You’ve all heard the expression “sex sells” right? Its obviously true otherwise advertisers wouldn’t put semi-naked people on billboards, or attempt to convince you that you’ll be irresistible to women with the latest Lynx product.
But what if you’re advertising in Playboy? Surely its a foregone conclusion that your ads should reflect the fact they’re being seen in what is effectively a top-shelf magazine.
But what if it was May 1970?
Here’s my favourite advertisements from Playboy May 1970.
1. Esquire Socks
Now what’s not to like about this advert? These guys are on the brink of drawing straws to see who’s going to be eaten first, their jeans are torn to shreds, they haven’t had a shave in at least 24 hours. But look at those socks. Not only are they staying up at mid-calf level but they look as if they’ve just been washed too. I really wish one of these guys (preferably the guy sitting up top at the back) was modelling the “anklet” style sock though, just for a bit of variety.
2. Benson & Hedges
Benson & Hedges
Now here’s a man who’s got everything, a beautiful lady, a herringbone jacket, a white polo neck jumper, and a box of Benson & Hedges Gold.
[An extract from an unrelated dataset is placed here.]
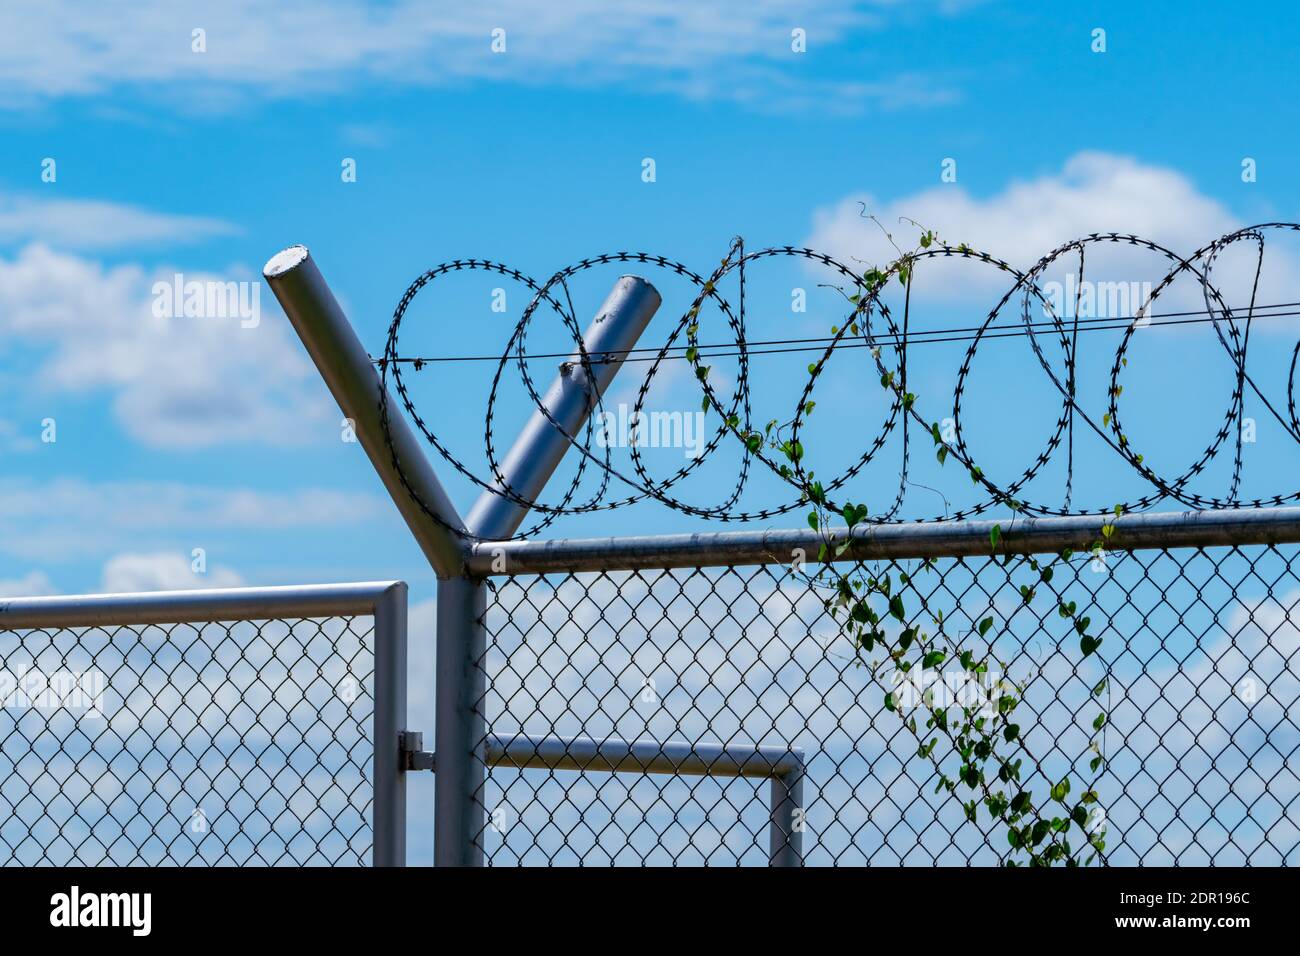 Prison Security Fence. Barbed Wire Security Fence. Razor Wire Jail Fence. Barrier Border. Boundary. Stock Photo
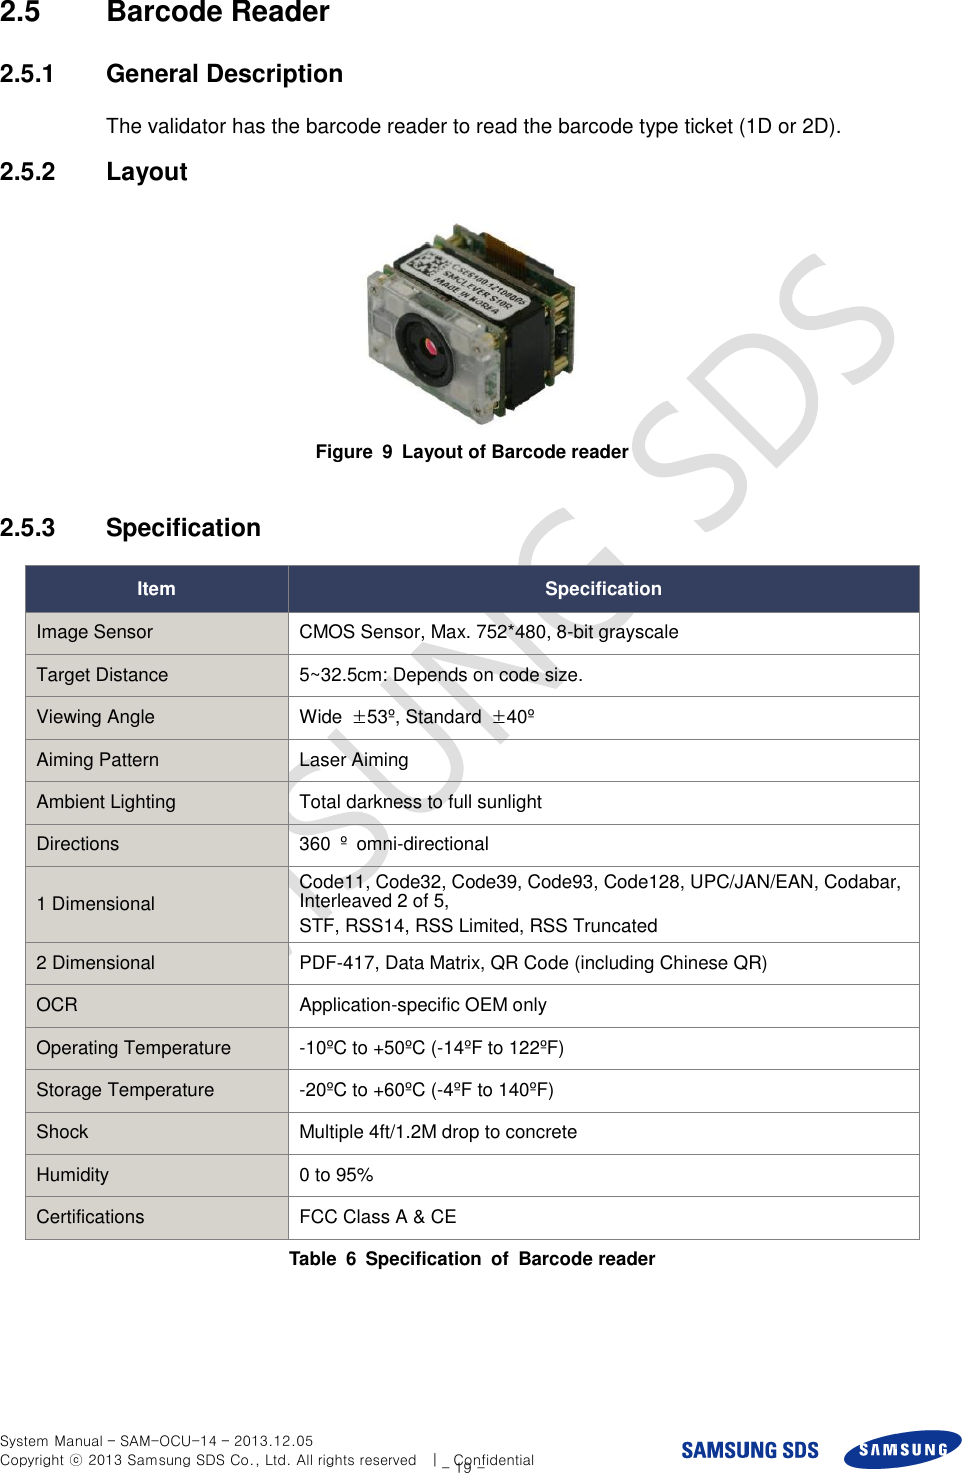  System Manual – SAM-OCU-14 – 2013.12.05 Copyright ⓒ 2013 Samsung SDS Co., Ltd. All rights reserved    |    Confidential - 19 - 2.5  Barcode Reader 2.5.1  General Description The validator has the barcode reader to read the barcode type ticket (1D or 2D). 2.5.2  Layout  Figure  9  Layout of Barcode reader  2.5.3  Specification Item Specification Image Sensor CMOS Sensor, Max. 752*480, 8-bit grayscale Target Distance   5~32.5cm: Depends on code size. Viewing Angle Wide  ±53º, Standard  ±40º Aiming Pattern Laser Aiming Ambient Lighting Total darkness to full sunlight Directions 360  º  omni-directional 1 Dimensional Code11, Code32, Code39, Code93, Code128, UPC/JAN/EAN, Codabar, Interleaved 2 of 5, STF, RSS14, RSS Limited, RSS Truncated 2 Dimensional PDF-417, Data Matrix, QR Code (including Chinese QR) OCR Application-specific OEM only Operating Temperature -10ºC to +50ºC (-14ºF to 122ºF) Storage Temperature -20ºC to +60ºC (-4ºF to 140ºF) Shock Multiple 4ft/1.2M drop to concrete Humidity 0 to 95% Certifications FCC Class A &amp; CE Table  6  Specification  of  Barcode reader

This is a YES man. I can’t help thinking there’s some subliminal messaging going on here.
3. Sony Clock Radio
The Sony Nag
I’d really like one of these – it looks stylish, and its got a revolutionary snooze bar instead of a button. All these years I’ve been pressing a button with one finger, when I could have been pushing a bar with up to 3 digits. What was I thinking?
See how good you could look in a pair of Wright Slacks? This drawing of a man in some trousers has shown me the light. And look at his dog.
5. Johnnie Walker Red
Johnnie Walker Red
If I’m going to be drinking Scotch anytime soon, I want to be drinking it with this man.
Its party time in his world right now and he’s got a whole bottle to share, look how happy he is!
Almost makes me want to ditch my new LCD screen for one of these. I certainly don’t need trouble, no lover does. The white polo neck jumper makes an appearance in this ad too, it must be a sign of success (note to self: must go shopping for a new jumper).
He’s not even watching his new TV and he’s got a girl falling all over him, in fact he’s gone so far as to put one foot on it, this is usually a pose reserved for catalogue models pointing off into the distance with one foot on a log or a bench. Clearly, a confident man we’re dealing with here, I wonder how far those boots go up his legs?
Elsewhere in the magazine, Playboy attempts to lure in potential advertisers by giving out some of its reader demographics.
“2 out of 5 Playboy Readers have spent £500 on home furnishings in the last 2 years. And 2 /5 readers have spent £750 on “wall-to-wall carpets” within the last 12 months.” Now that’s luxury isn’t it, my carpets finish a good 3 inches before they get to the wall, more like a massive rug.
Some of the adverts I left out were for international airlines, Super8 cameras, reel-to-reel audio equipment, and even a full page advert for a photographic enlarger.
The average reader in 1970 was clearly a stylish assertive man, concerned with fresh breath, good aftershave and masculine cigarettes. He liked his drinks strong and unspoilt, he liked to listen to 8-track tapes on top of the range equipment, and probably fancied himself as a bit of a James Bond character.
One thing’s for certain, he didn’t like his socks rolling down.